Mr Dummett mentions twenty-one picture cards, though the total is actually
twenty-two. The twenty-second is the Fool. Its value is zero. ‘The player who
holds it can play it at any time, irrespective of the obligation to follow suit or to
play a trump; it cannot take the trick, but it excuses the player from the normal
constraints on playing to a trick, which is why it is often called the Excuse.’ It is
not the ancestor of the Joker, which is an American invention of the late
nineteenth century.

Things are now becoming clear. The Tarot pack is for playing games. If we wish
to use it for divination, that is entirely up to us, but we would be foolish to think,
like Papus, that we have here an ancient mystical codex which, over the
centuries, has been debased and reduced to the greasy pack once known as the
Soldier’s Prayerbook. The Tarot is an ordinary fifty-six-card pack of fifteenth-
century Italy (we have dropped the knight), to which twenty-two extra cards
have been added. The important thing, the one which gives a Tarot game its
special fascination, is the existence of permanent trump cards with marked
values. On the cover of Mr Dummett’s paperback guide to twelve representative
games card players are warned that, if they try some of them, they may lose their
appetite for games played with the regular pack. It is a fair warning.

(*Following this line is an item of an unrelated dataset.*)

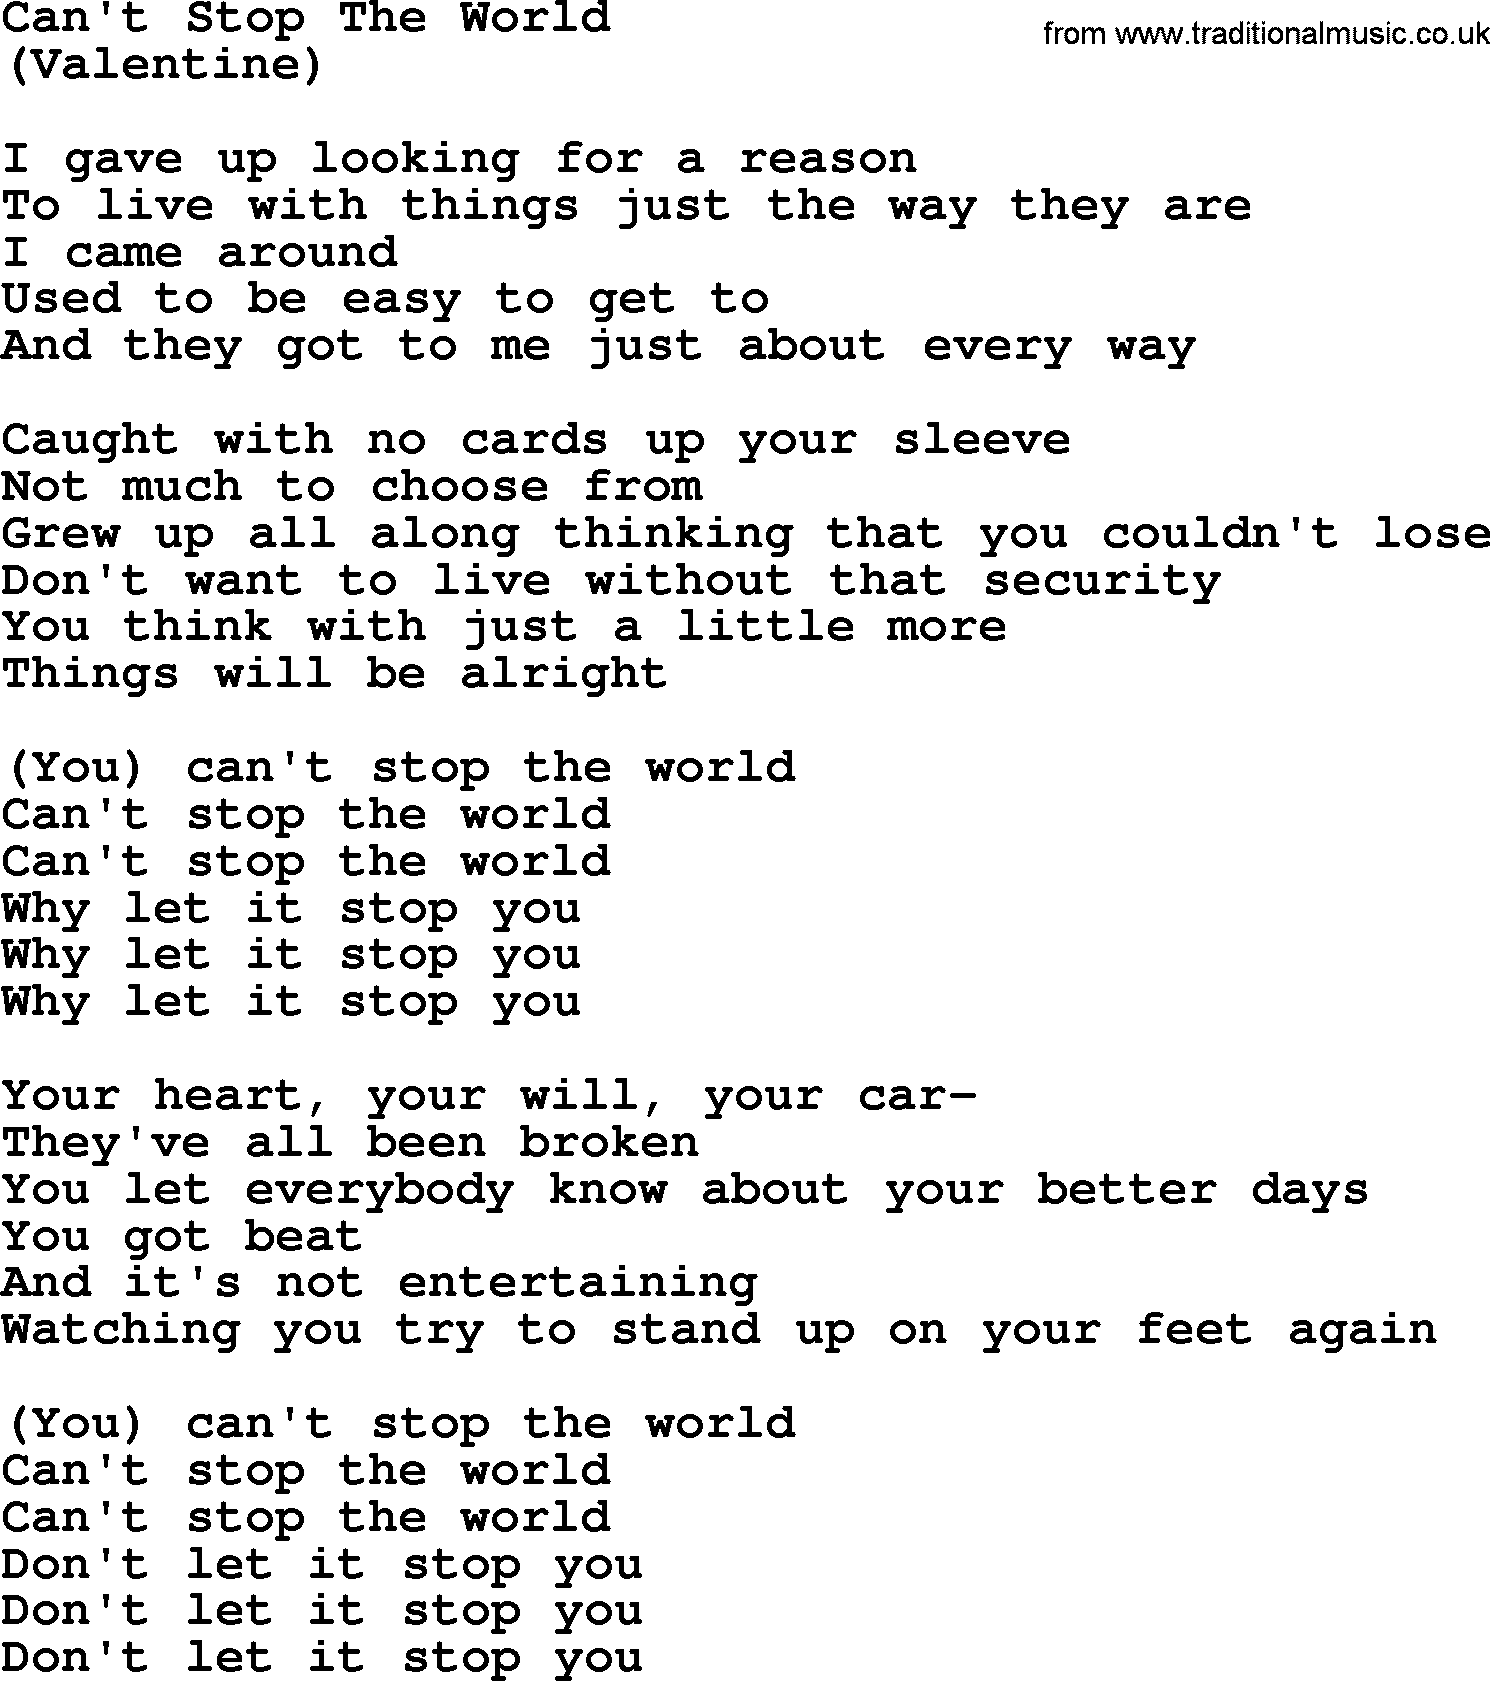 The Byrds song Can't Stop The World, lyrics

After
Grosstarock, Ottocento, Konigsrufen or Cego, bridge and whist seem very insipid.

Let us now consider Mr Dummett himself, whose big and expensive book on the
history of the Tarot is as exhaustive a study as one will find, scholarly, sceptical,
worthy of the philosopher whose books on Frege have met with large acclaim
(‘Superb exegesis’ – The Times –, ‘Monumental’ – The Listener). Mr Dummett was
more or less driven to this study by political events. An inveterate opponent of
racism, he became sickened in 1968 (‘the most terrible year that I hope I ever
have to live through’) by such horrors as the assassination of Martin Luther King
and the Labour Party’s promotion of racial discrimination in Britain. Emotional
anxiety precluded rigorous work on philosophy or logic, so he fell back on a new
hobby, of which this brilliant book is the scholarly fruit. I agree with Mr Dummett
about the importance of the ludic in our lives and the hypocrisy of scholars who
will not see games as an integral part of a culture. Of the world’s great games,
chess is approved because there is no chance and hence no gambling in it. Card
playing, because of the aleatory element, is looked down upon. Dr Johnson,
honest as always, wished he had learned to play cards, seeing in the ombre table
a means of heightening human sodality. One might add that a card game brings
us into contact with the unexpected, the unknown, the mysterious.

And so we come back to Papus and the division of the syllables of the Sacred
Name among the suits, the Tarot as the sidereal book of Henoch, the astral wheel
of Athor. Even though Mr Dummett puts our cartological emphases right, I still
swear by the Tarot as an efficient engine of divination. Eliot, as a good Anglican,
scorned Doris and Dusty, who drew the coffin, as well as the cartomancer with
the bad cold. But it is evident that he was fascinated by those who ‘report the
behaviour of the sea monster, describe the horoscope, haruspicate or scry …
riddle the inevitable with playing cards.’ So are we all. These two books are
intended to cool our fascination, interest us in the history of cards, and promote
new pastimes. They succeed in the last two, but I am not persuaded to throw
away my Papus.

– Anthony Burgess. But Do Blondes Prefer Gentlemen?